Preventive surgical treatment


Considering the quality and reproducibility of the results obtained with femoral neck fractures, it was inevitable that the question of preventing these fractures would arise.

When we have the details of a problem, it is natural to try and provide a solution. What are these details? Osteoporosis is certainly a general disease as we repeat once more. From the sufferer's point of view, only the consequences which have a serious effect on her health are to be taken into account. Just as fractured ribs or wrists are events with almost no severity, in most cases, so one or more vertebral fractures, one, and even more, two femoral neck fractures will have a serious effect on the injured person's functions and often her life.

This must be said because, with a better lifestyle, certain drugs or techniques which improve cardiac longevity, humans live on average to 80 or more. As physicians, it is our duty to help them live their full life-span under the best possible conditions. One of these consists of protecting the "erect position". This is the job of all traumatologists...

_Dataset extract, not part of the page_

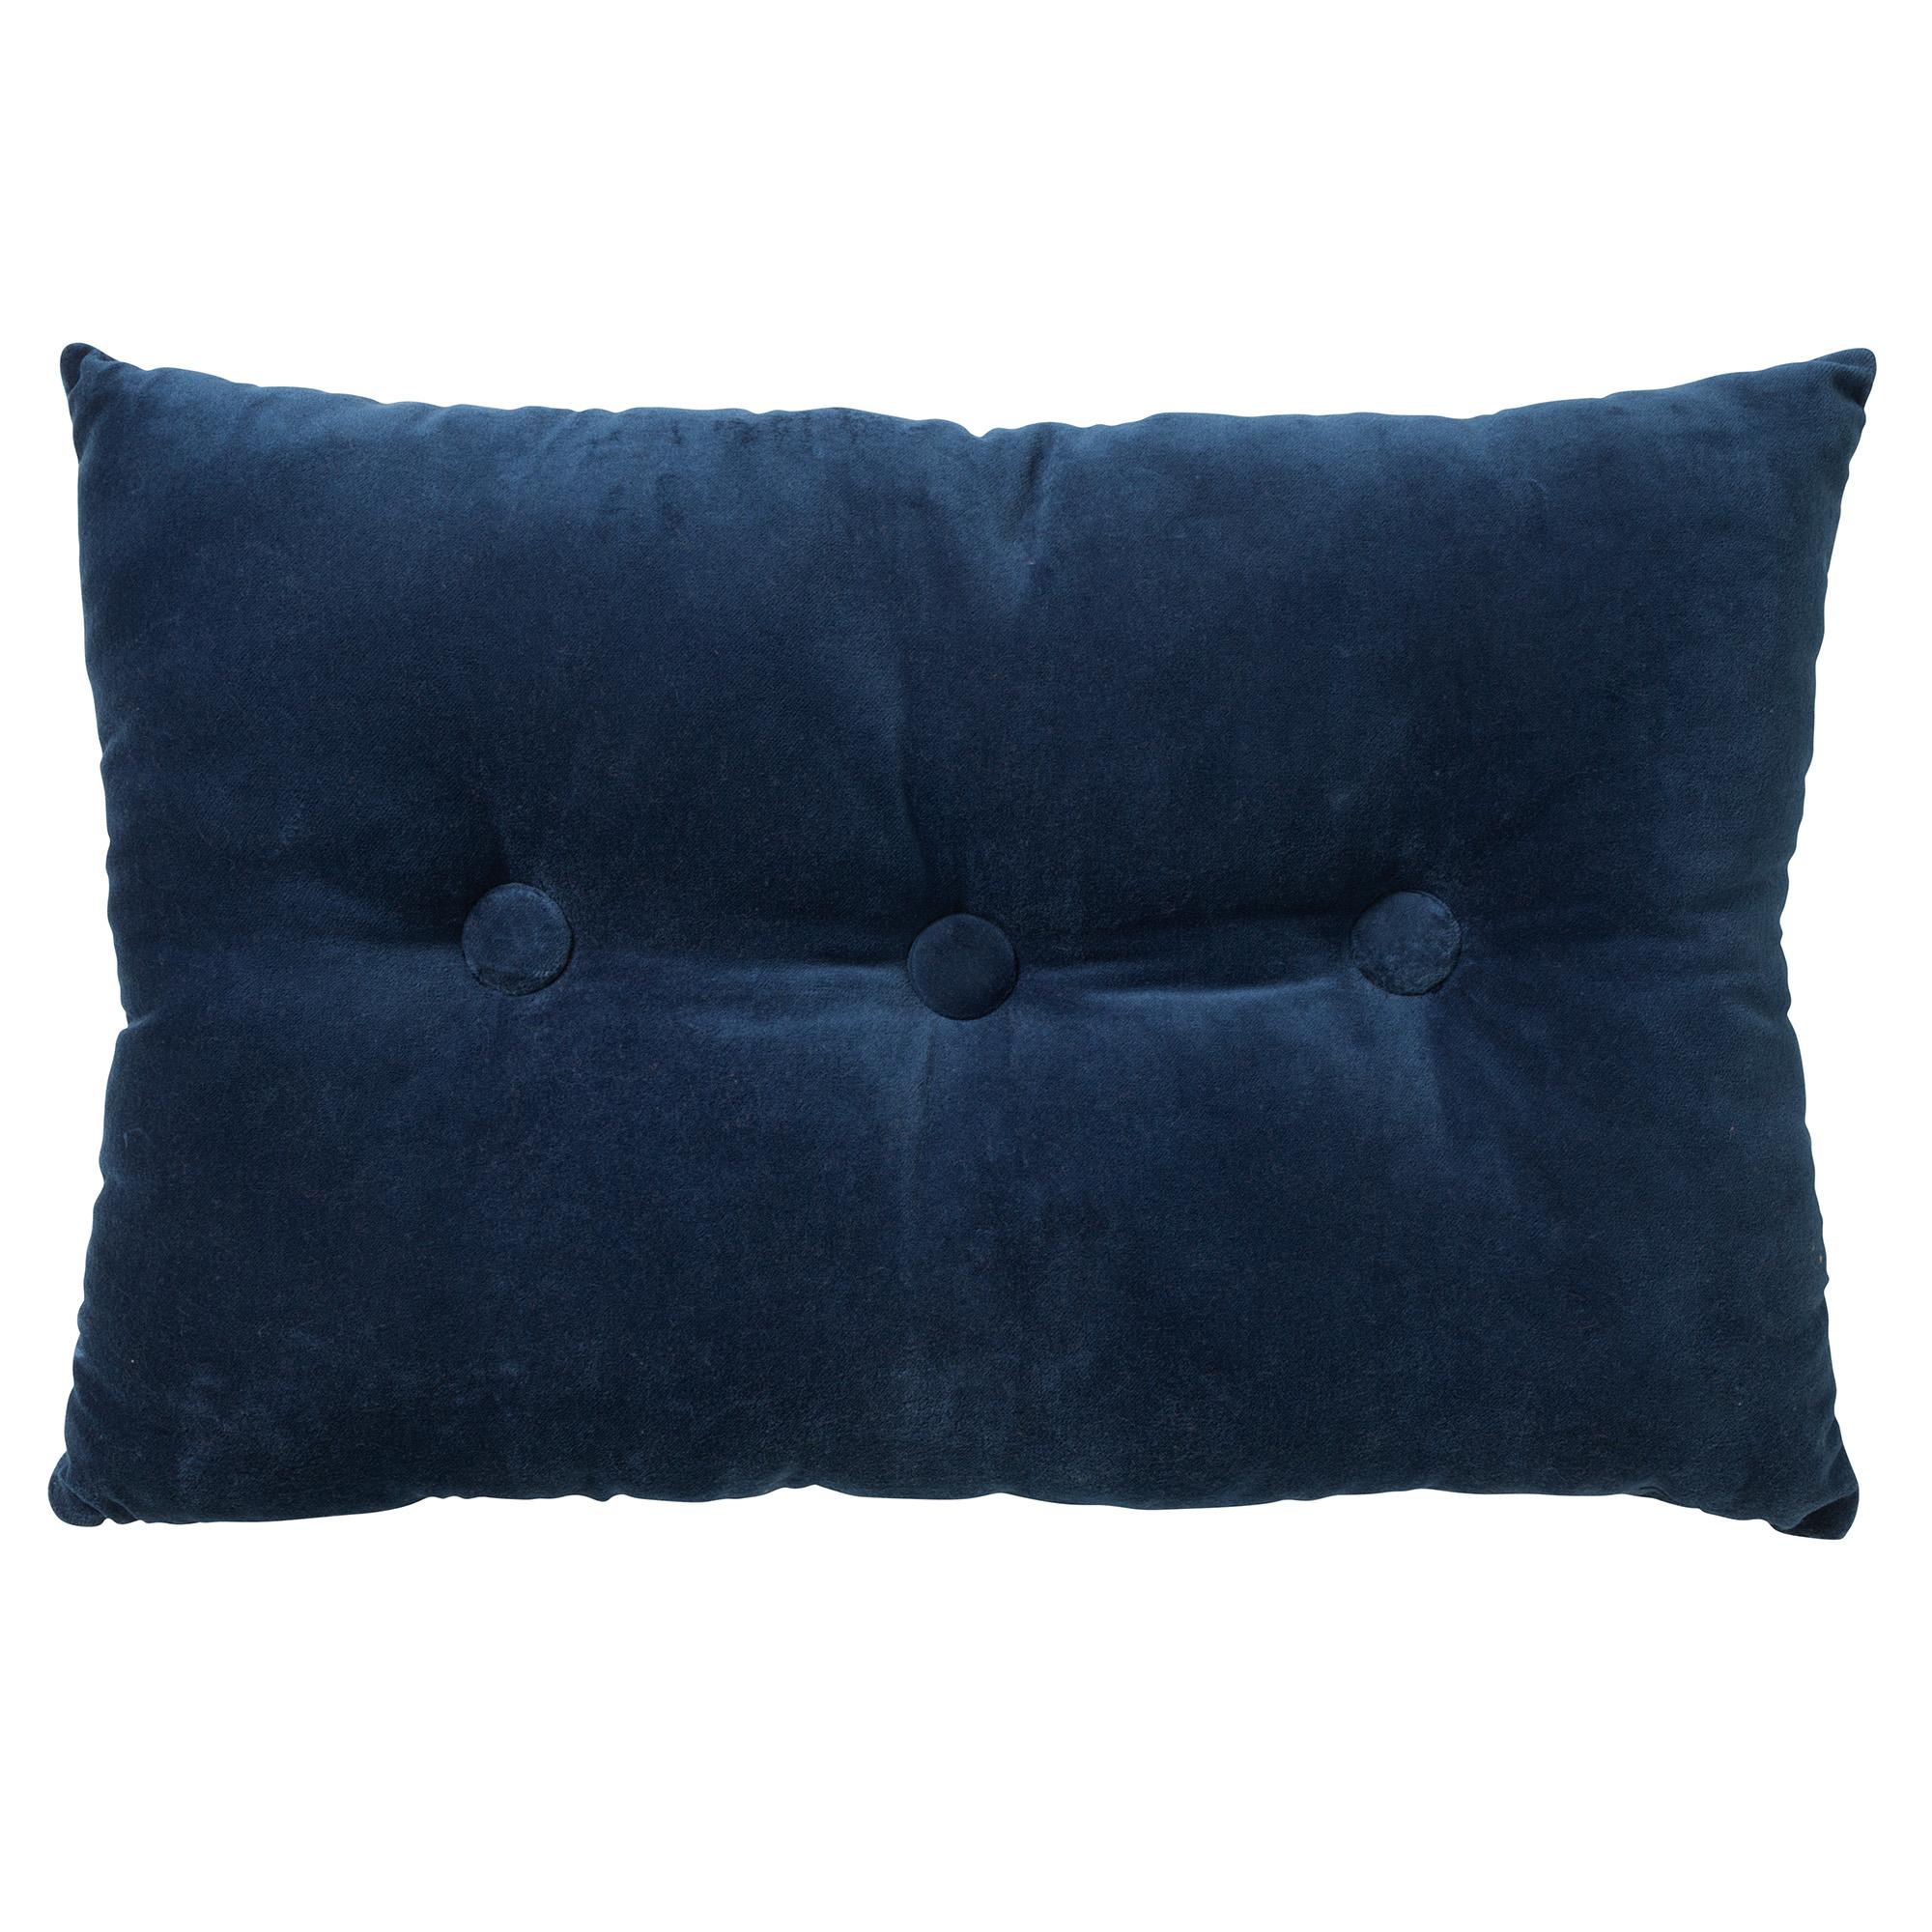 Kussen Valerie 40x60 cm Insignia Blue

Take the hip. What are the known facts (the problem data):

 

- Epidemiological studies on osteoporosis have revealed the incidence of first fractures (of the
wrist and/or vertebrae) on the later occurrence of hip fractures. And they have shown the risk of a fracture on the opposite side.

INCREASE OF THE FRACTURE RISK
ON THE OPPOSITE HIP WITH AGE
From 55 to 64 years + 35
From 65 to 74 years + 12
From 75 to 84 years + 4
85 years and over + 1,3

 

- The risk factors are known (ethnic, nutritional and environmental).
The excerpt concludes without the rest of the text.